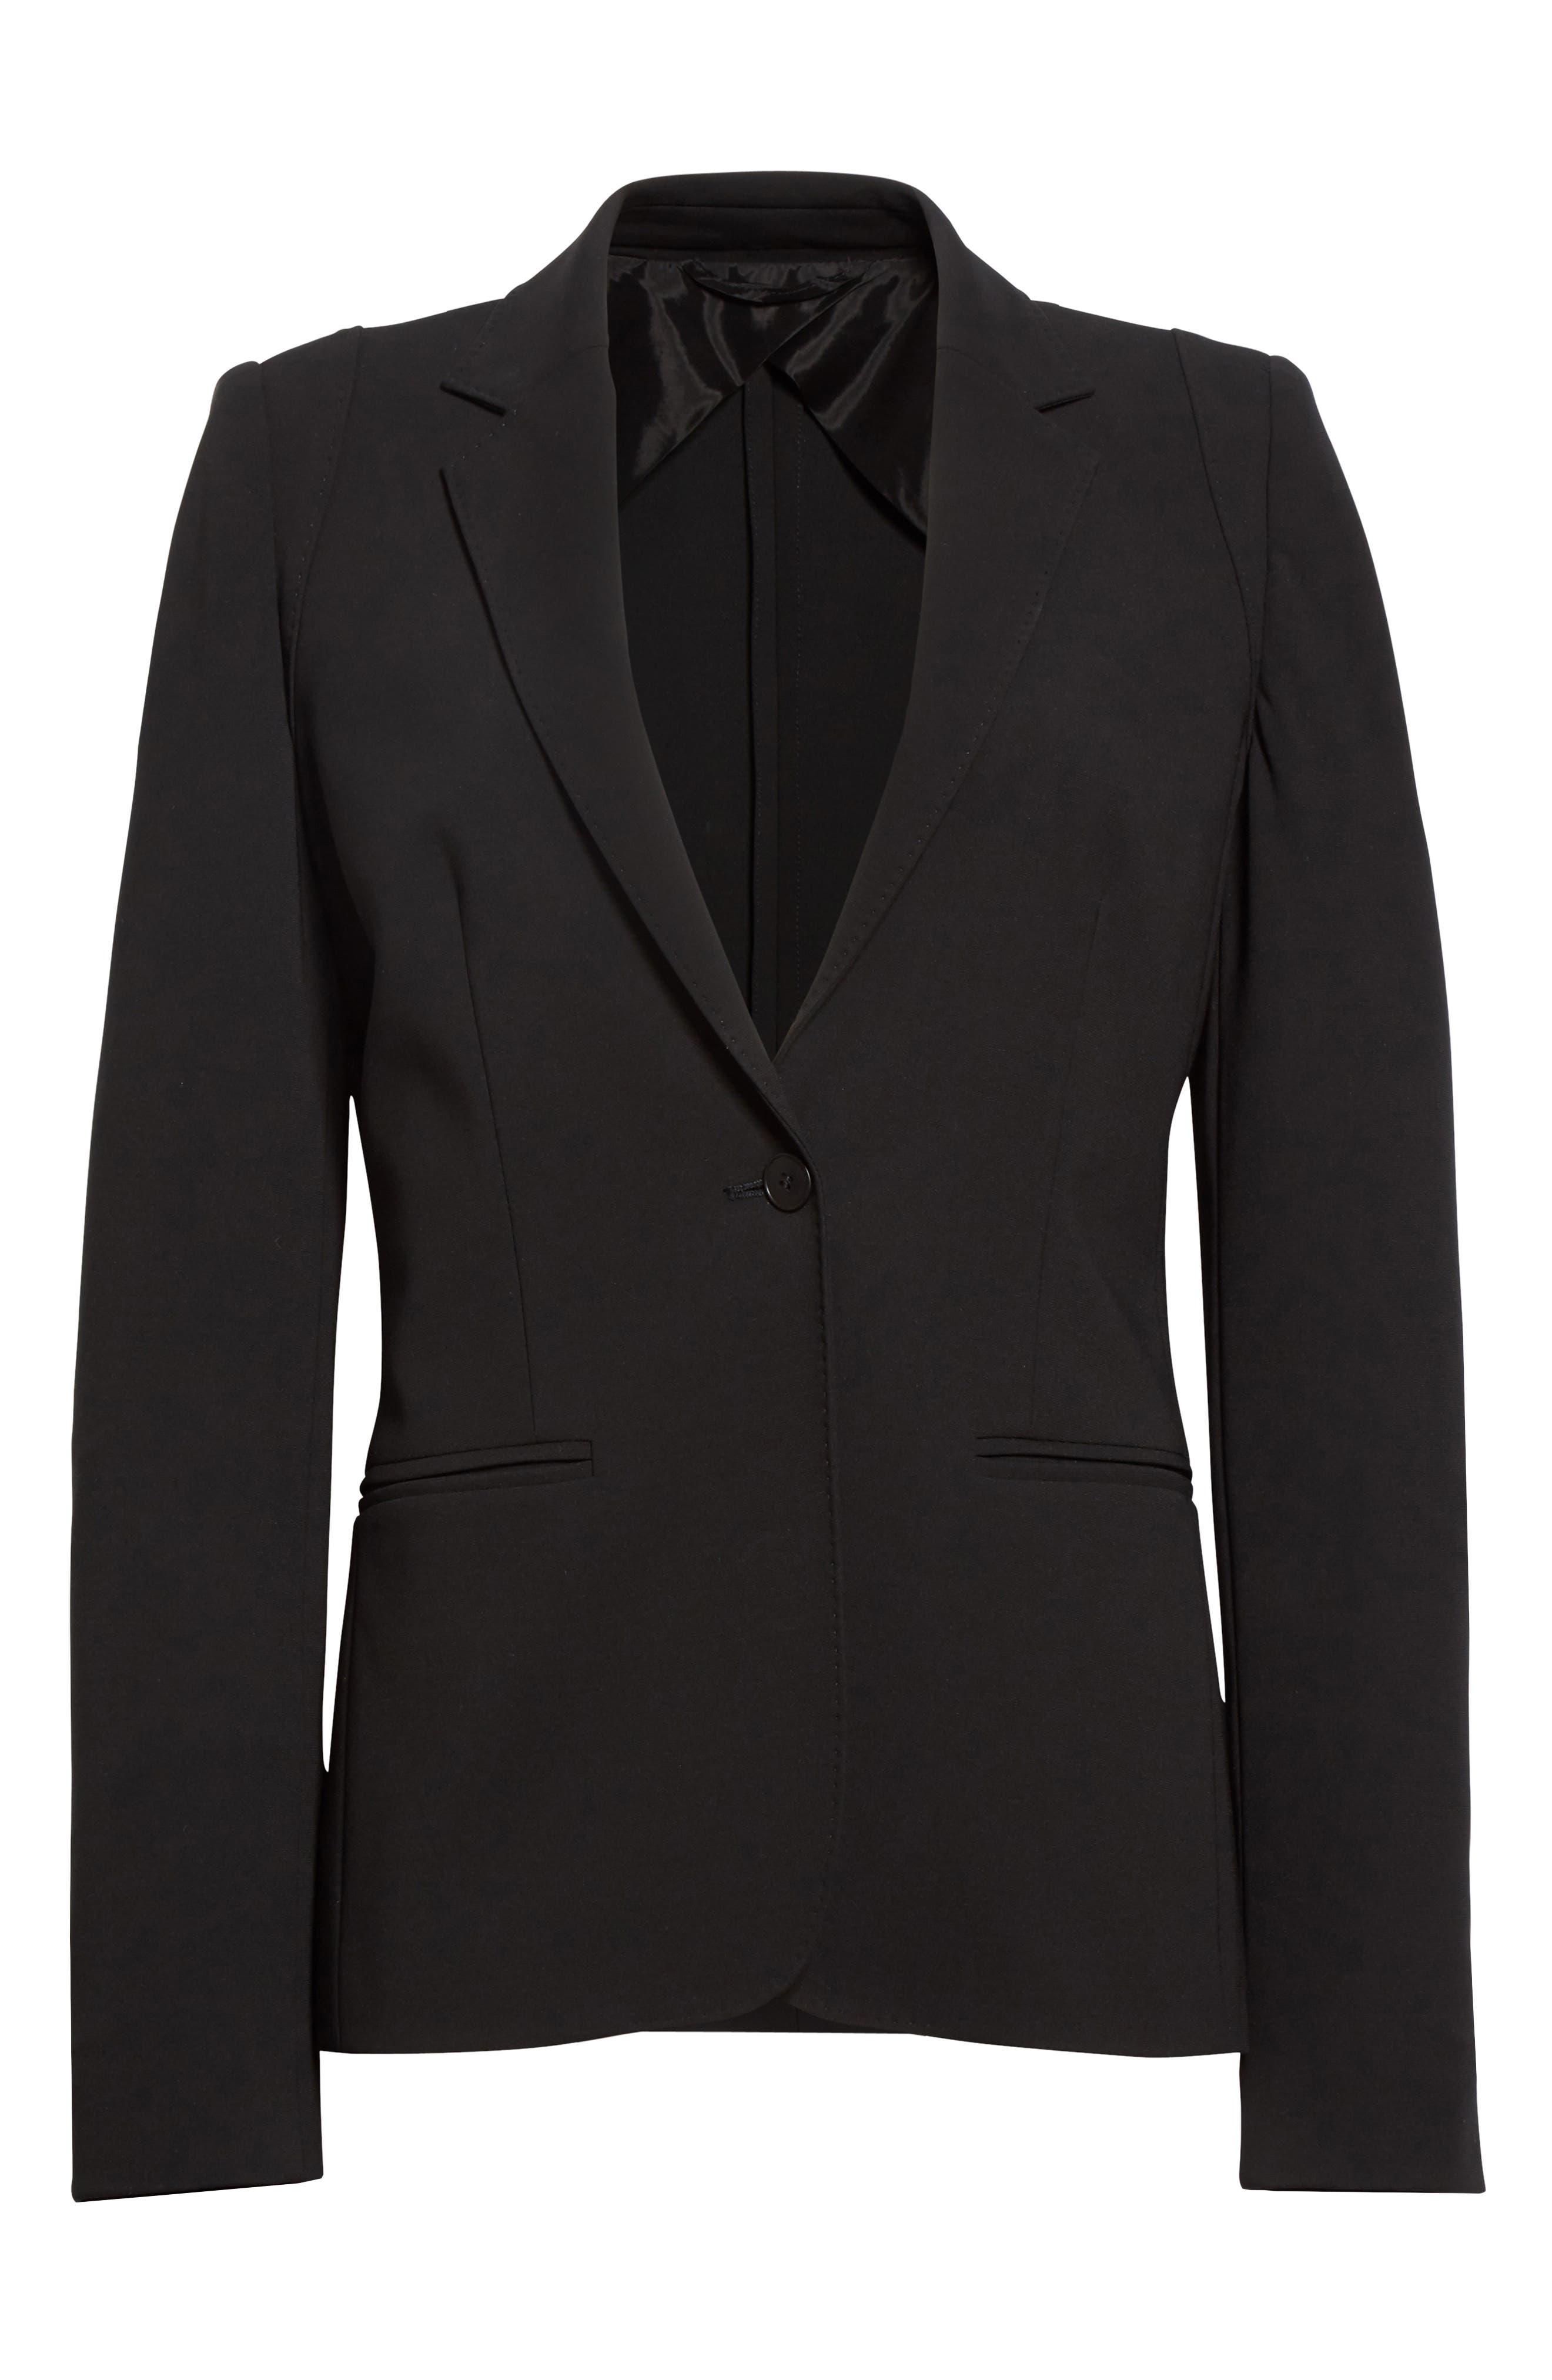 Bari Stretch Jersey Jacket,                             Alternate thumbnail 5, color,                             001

* * *

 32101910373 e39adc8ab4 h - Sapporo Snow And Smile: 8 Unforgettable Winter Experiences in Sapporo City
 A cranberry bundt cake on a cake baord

...

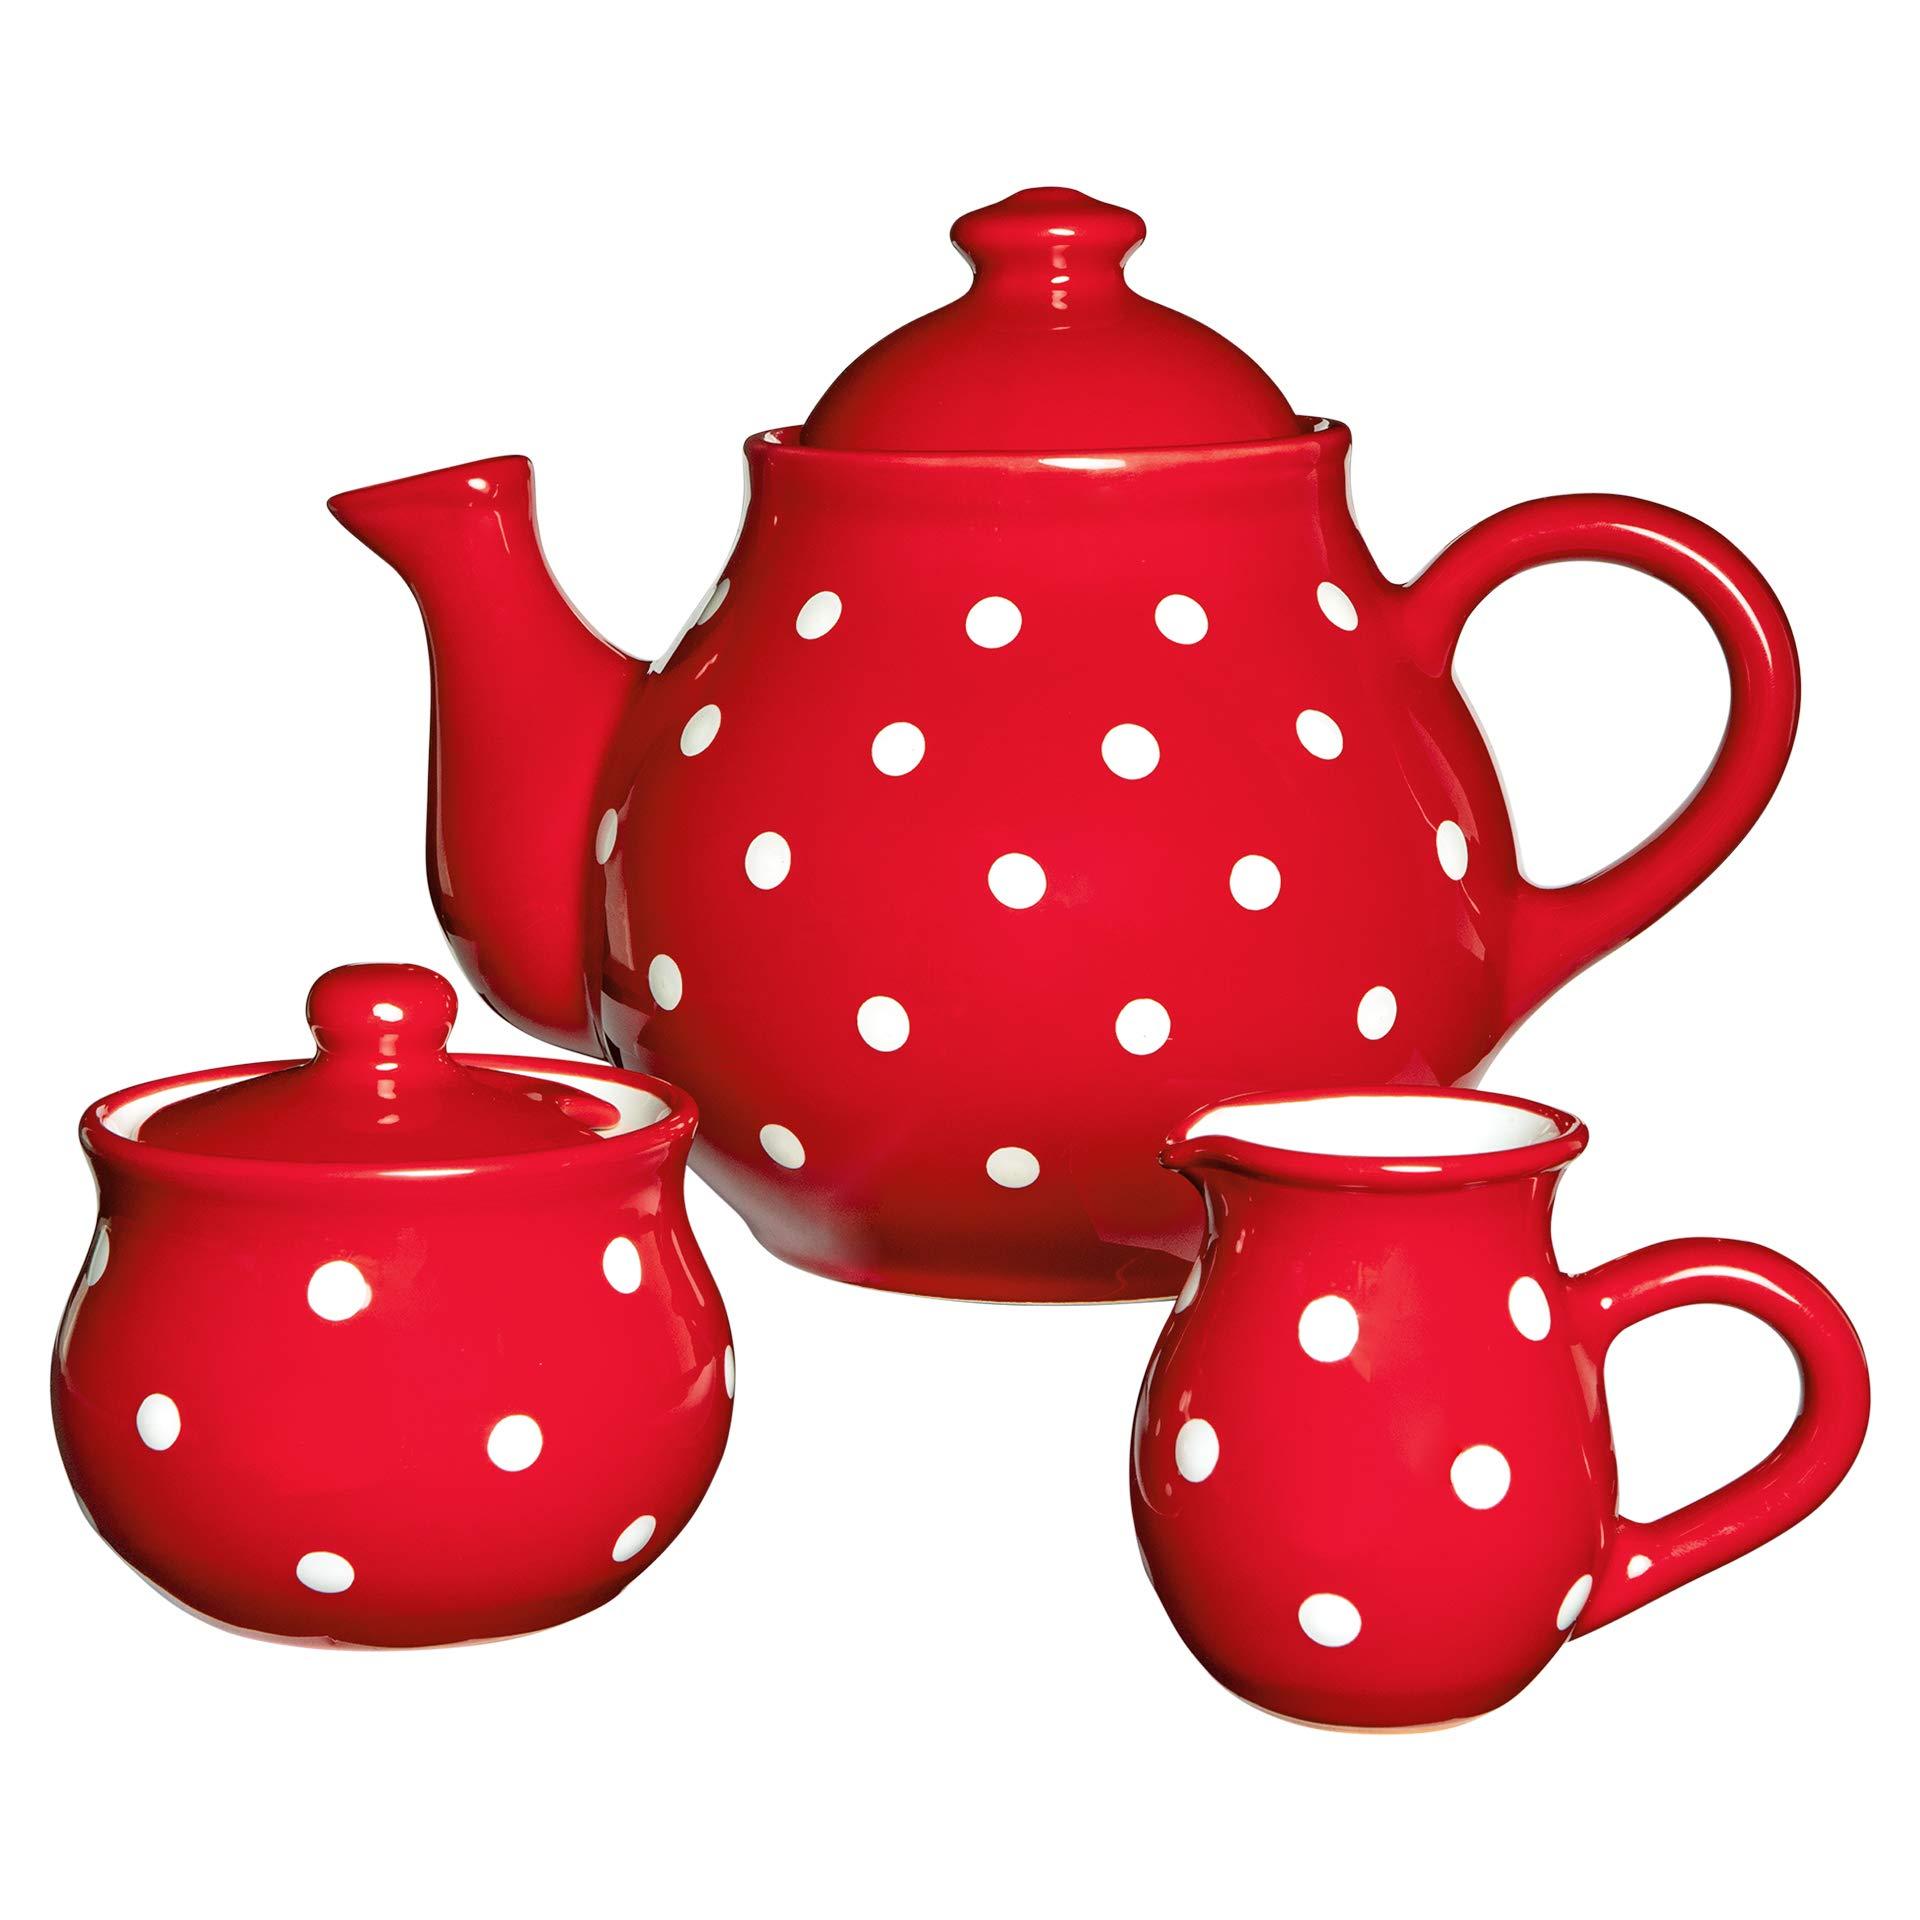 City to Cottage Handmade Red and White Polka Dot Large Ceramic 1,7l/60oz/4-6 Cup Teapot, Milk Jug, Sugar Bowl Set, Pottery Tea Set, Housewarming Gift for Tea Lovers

The task.
Copy the entries above exactly, but only from the line holding "32101910373 e39adc8ab4 h" through the line holding "A cranberry bundt cake on a cake baord", both included.

Result for this exercise.
 32101910373 e39adc8ab4 h - Sapporo Snow And Smile: 8 Unforgettable Winter Experiences in Sapporo City
 A cranberry bundt cake on a cake baord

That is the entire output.